All these days, I have given myself Facebook breaks. I can see that the quarantined time is being spent by many to pause and reflect People are full of helpful suggestions of how to spend the sudden gift of time: some are giving each other photo challenges (of one’s sari-clad self, of oneself then and now, of travelled places, favorite books and films, fun questionnaires); others are either going back to, or stepping up, their passions – singing, dancing, drawing, exercising, photographing, sewing, you name it. All manner of interesting diaries are filling up social media space.

Some are evidently enjoying more time with family, or brushing up their culinary skills, or soaking up the quiet of otherwise noisy neighborhoods; several have expressed the unexpected delight of hearing more birdsong. There are others who are recording with a sense of wonder the fresh flowers in their garden or clouds in the evening sky.

Some are more inclined to record the reality around them, their concerns and interests covering a wide spectrum: from reflections on the effect of the pandemic on students and their future prospects to what it can mean to writers, from feeding stray animals and helping those whose livelihoods have been affected, to sharing stories of doctors on the frontlines of fighting the pandemic 24/7, to the devastating news of thousands of migrant laborers walking for days and miles trying to reach home or others being sprayed with disinfectant to prevent contamination.

I don’t belong to either of these categories: I have neither given time to people/creatures in distress, nor given/accepted pleasant challenges to bide the time. Or seek respite from boredom. My problem is not a surfeit of time, but a lack of it. On normal working days, I race against the clock; during quarantine, I seem to be doing it even more.

I am just rushing from one work to another. Always a bit late, and always with a nagging sense of inadequacy; of not having done enough – not enough cooking, cleaning, teaching, giving time, looking after. In short, I am always falling short.

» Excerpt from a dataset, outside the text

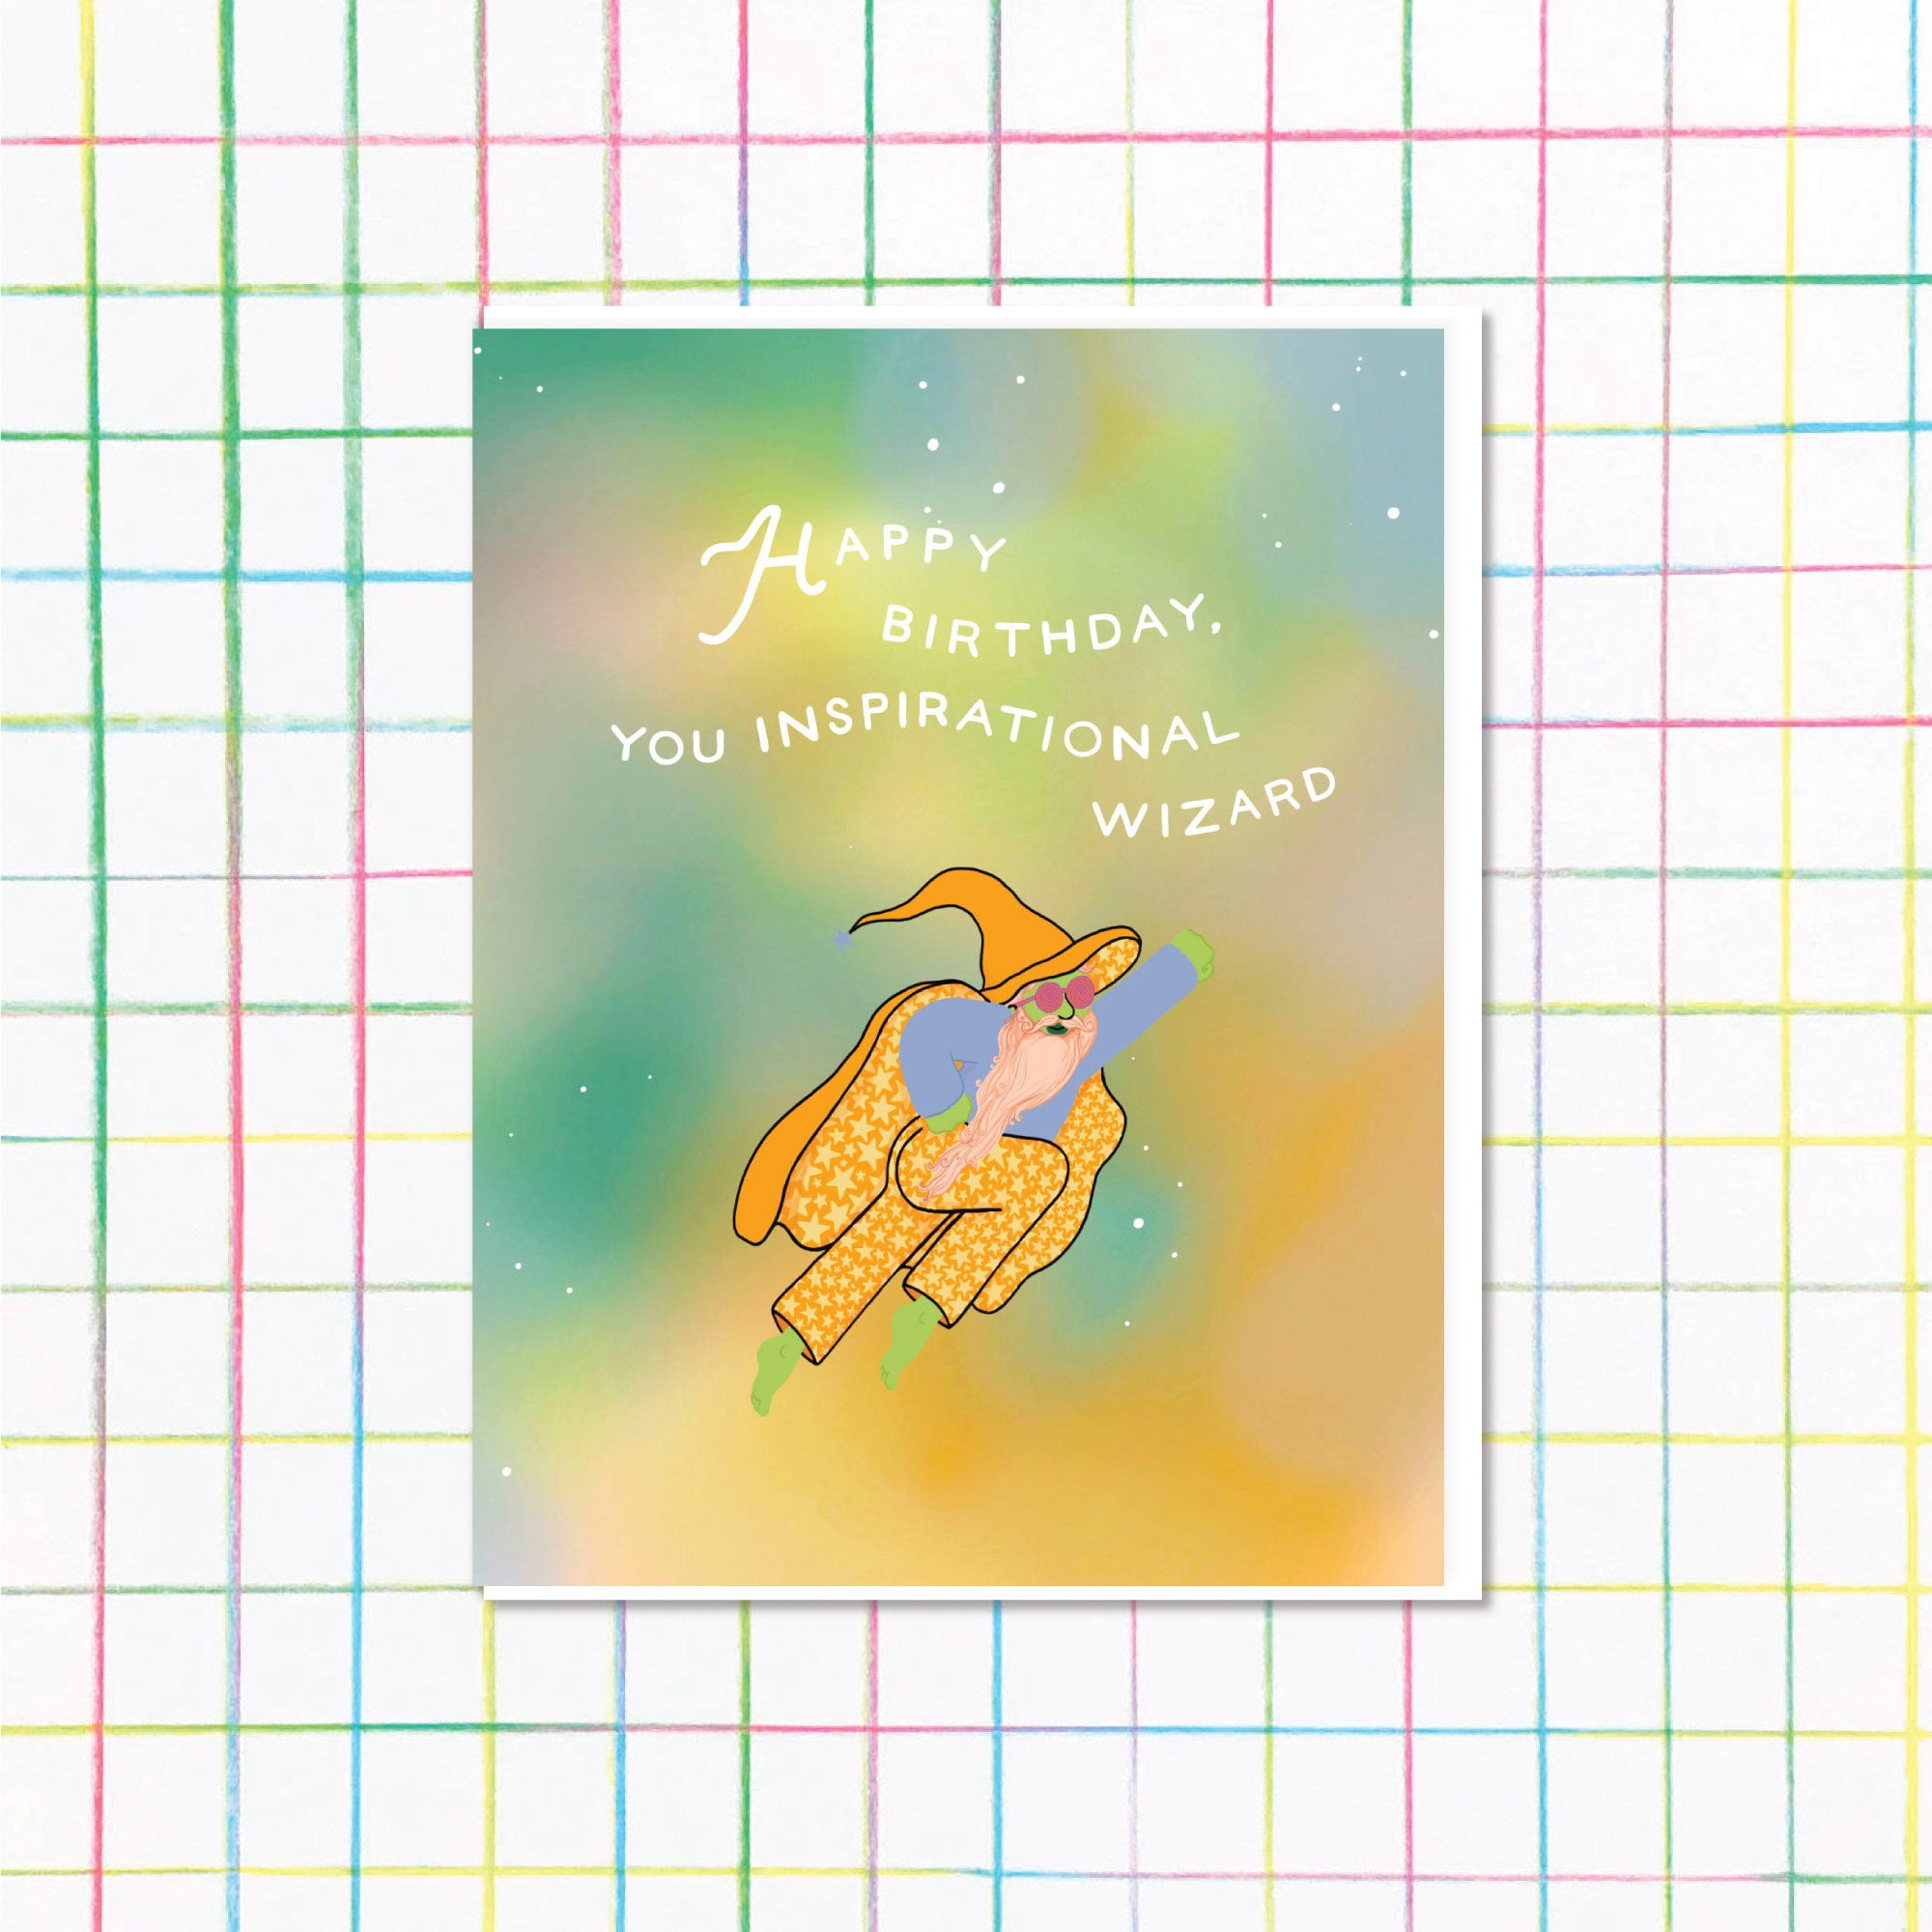 Happy Birthday Inspirational Wizard Card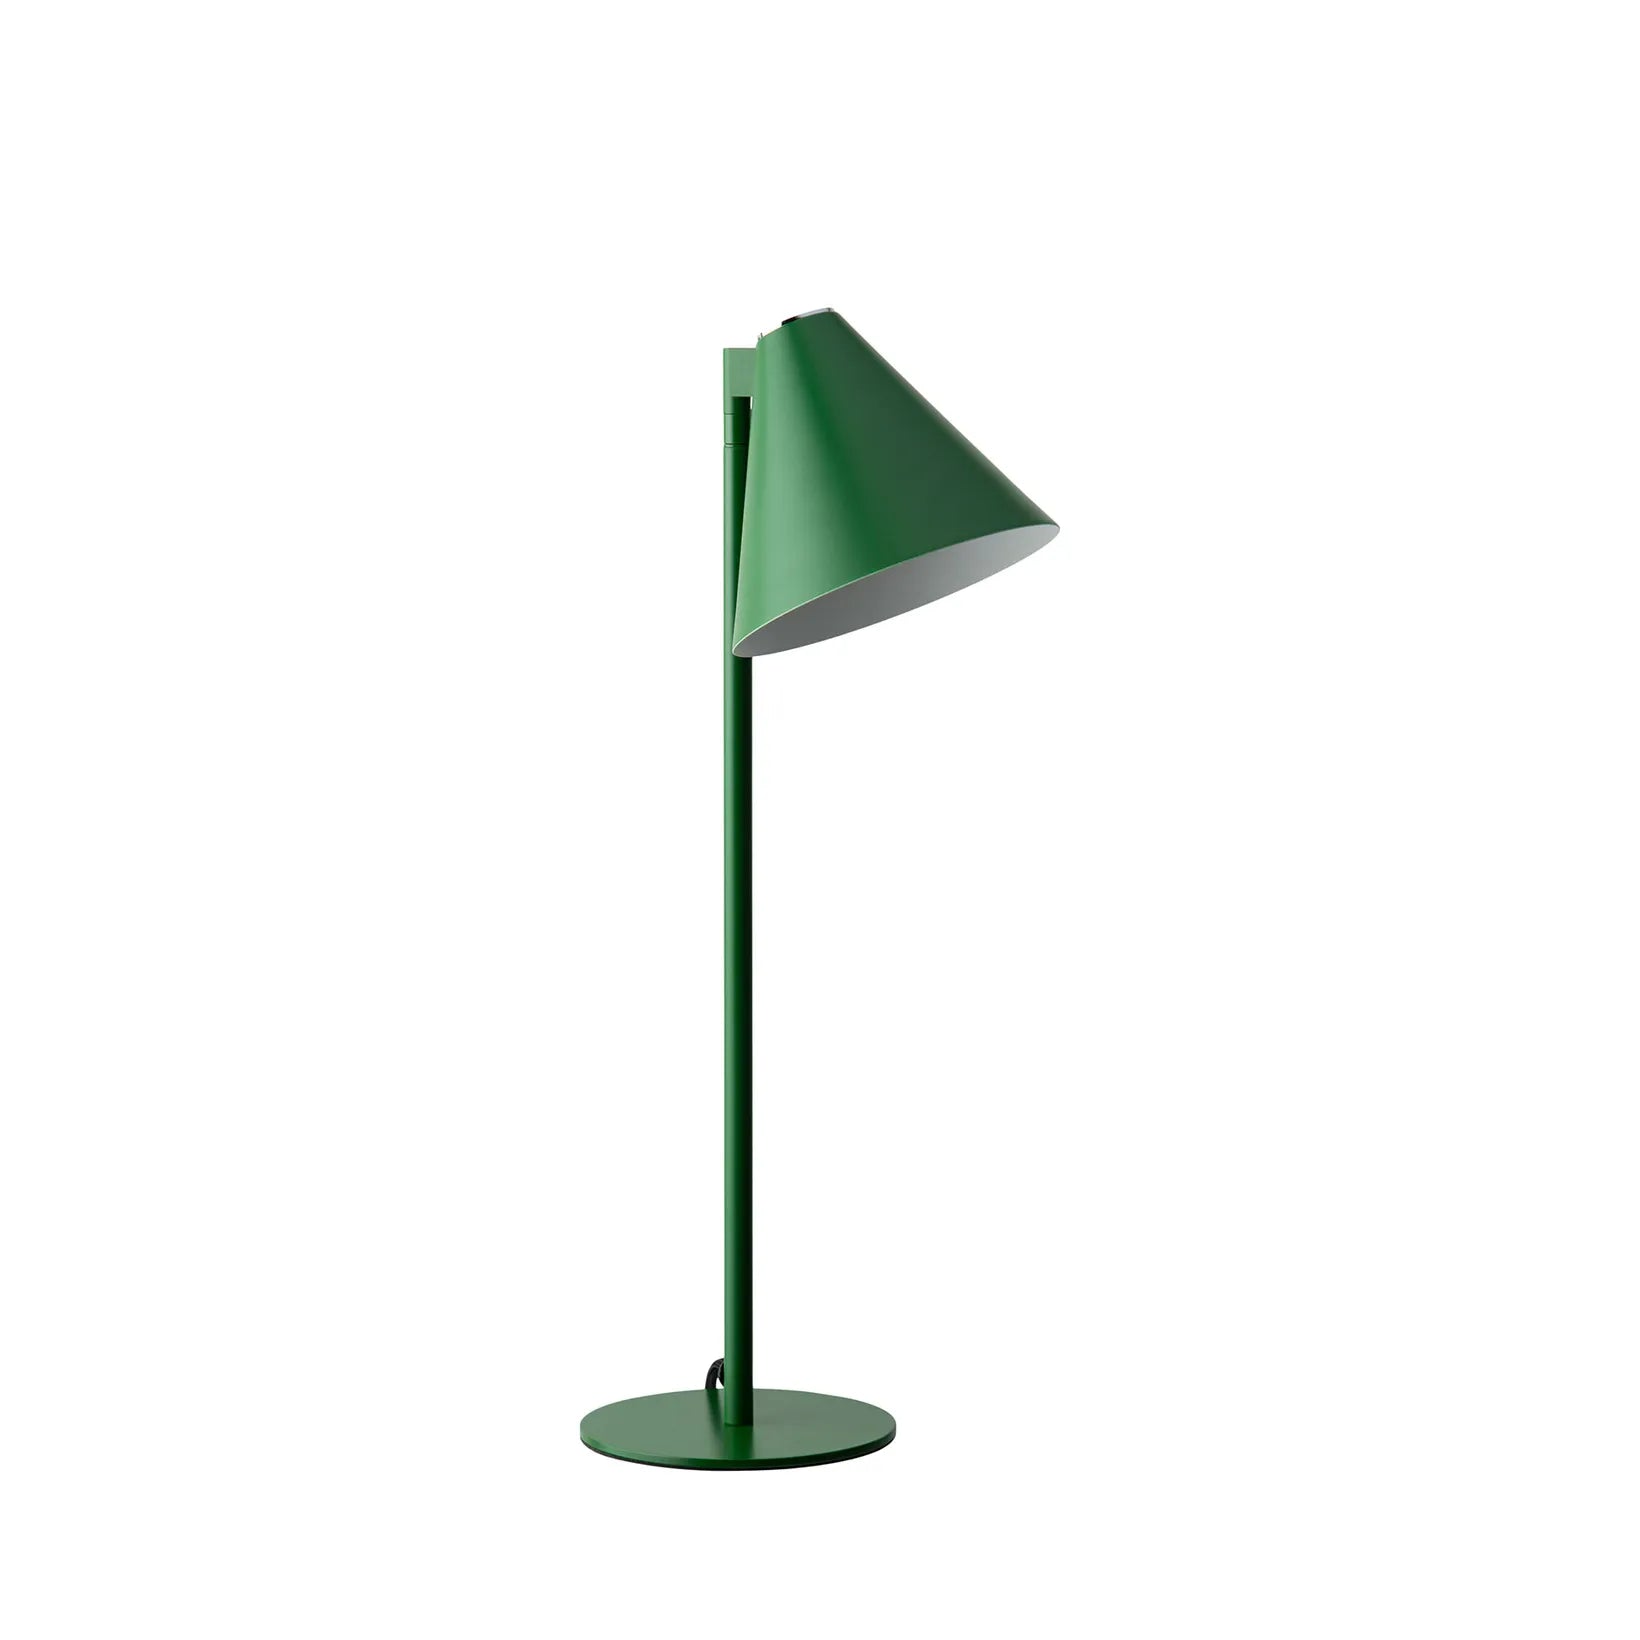 Turn Tischlampe Grün H: 53 cm - Grün - Sinnerup von Sinnerup

I am aware that there are many, even among those living in the shelter of their homes, whose situations are far worse than mine: people with babies, with bed-ridden parents, or sick family members having to go without medicine, the elderly left to fend for themselves, single men and women who live alone and are unable to travel to their families (like my own sister, braving it out in an apartment in Jersey City). This awareness is supposed to make me feel better about my comparative luck (it’s a peculiar feature of the human mind that it needs to imagine worse in order to feel better). But it’s not working with me. I still feel exhausted.

To have food on the table, roof over one’s head, a loved one nearby - these are luxuries in the present time. I know it. Still, I feel exhausted. I feel small, petty, for feeling so. But the truth is, I am.